While it is important to consider the factors that contributed to the delayed diagnosis of OI in this patient, it is equally important to discuss the implications of early treatment. The current standard of treatment for OI is adequate dietary supplementation of vitamin D and calcium in addition to bisphosphonates, which inhibit bone resorption. The current data suggest that treatment with IV or oral bisphosphonates, i.e., zoledronate, pamidronate, neridronate, etc., increases BMD in patients with OI compared to placebo. However, it is unclear whether the increase in BMD correlates with actual clinical improvement [12]. A systematic review by Dwan et al. in 2016 reported that of the 14 studies assessing changes in fracture incidence on bisphosphonate therapy, none resulted in an increased fracture incidence, with one study demonstrating a reduction in relative risk of fracture reaching as high as 31% with a hazard ratio of 0.69 (95% CI 0.52-0.91) [12,13]. Long-term data on the safety of bisphosphonate drugs in children is still unclear and is an area of active research, but the benefits may outweigh risks for many patients, especially for patients with severe OI, e.g., OI type III. This is supported by a study from Antoniazzi et al. demonstrating that early neridronate treatment resulted in a decrease in fracture rate for those who started treatment just after birth compared to those who started treatment after six months and those in the placebo group (2.4 vs. 6.0 and 6.8 fractures/year, respectively; p<0.5) [14].

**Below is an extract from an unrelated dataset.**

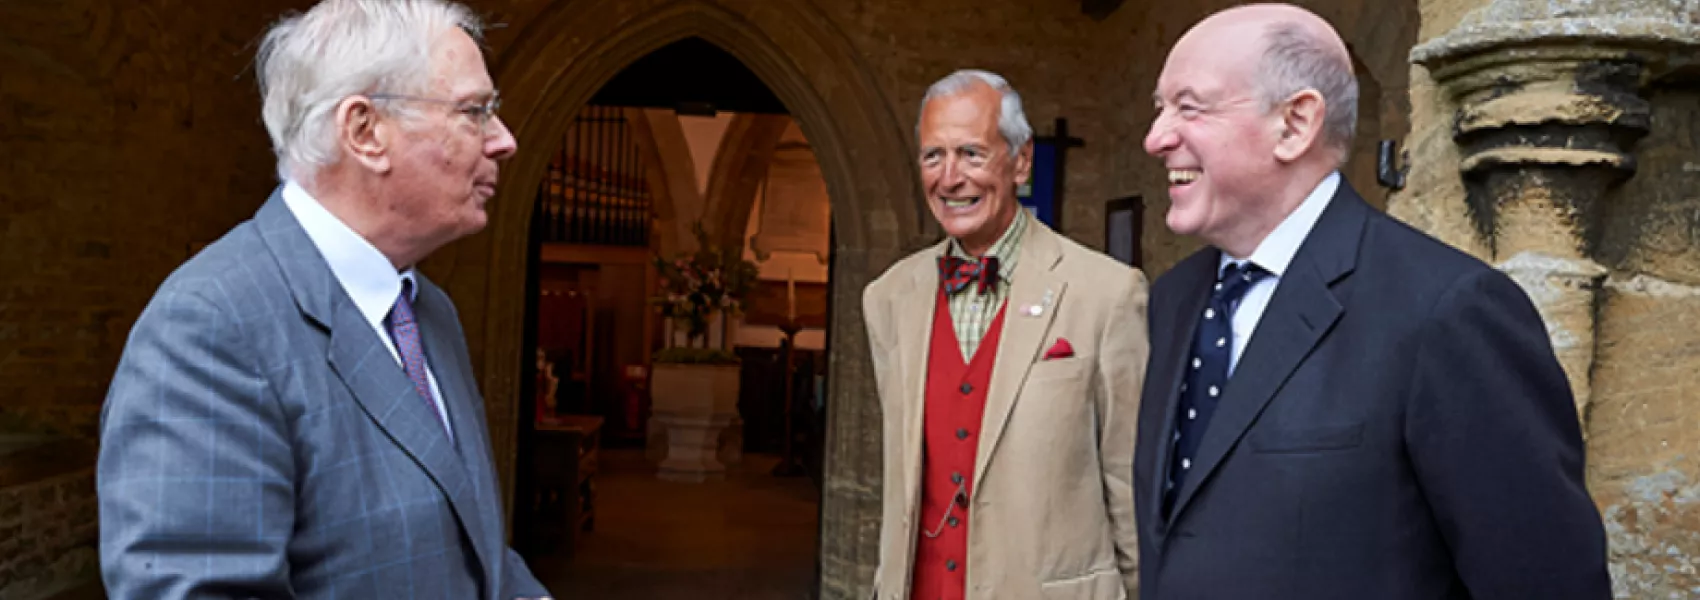 HRH Duke of Gloucester at Wootton Parish Church, greeted by the Warden, and Church Warden, Nicholas Tomlinson

Earlier diagnosis in this patient would have permitted starting physical therapy and interprofessional interventions sooner. However, starting these interventions in this patient is already challenging at baseline, given that the patient’s family depends on Medicaid for healthcare services. Other complicating socioeconomic determinants of health, including income, language barriers, and level of education, may make it more difficult to find, finance, and travel to office visits, diagnostic testing, and infusion services. Moreover, many services, such as genetic counseling and DEXA scans for pediatric patients, are not readily available in our state, which incurs additional costs of travel out of state for these services, all of which may further delay the time to definitive management of the disorder. All of these additional factors further emphasize the importance of prompt diagnosis to ensure that patients and their families have the time and resources to pursue appropriate treatment.

Conclusions

OI is a rare genetic disorder of collagen formation characterized by poor bone mineralization, frequent fractures, and numerous extraskeletal manifestations. This can increase the risk of many developmental abnormalities in pediatric patients, necessitating the services of an interprofessional group of physicians and healthcare providers to manage subsequent comorbidities and facilitate normal growth and development. Although more research is needed, a key component to managing OI is early diagnosis and treatment, especially when individual factors, such as incomplete family history or socioeconomic factors, can delay diagnosis and treatment, leading to adverse health outcomes.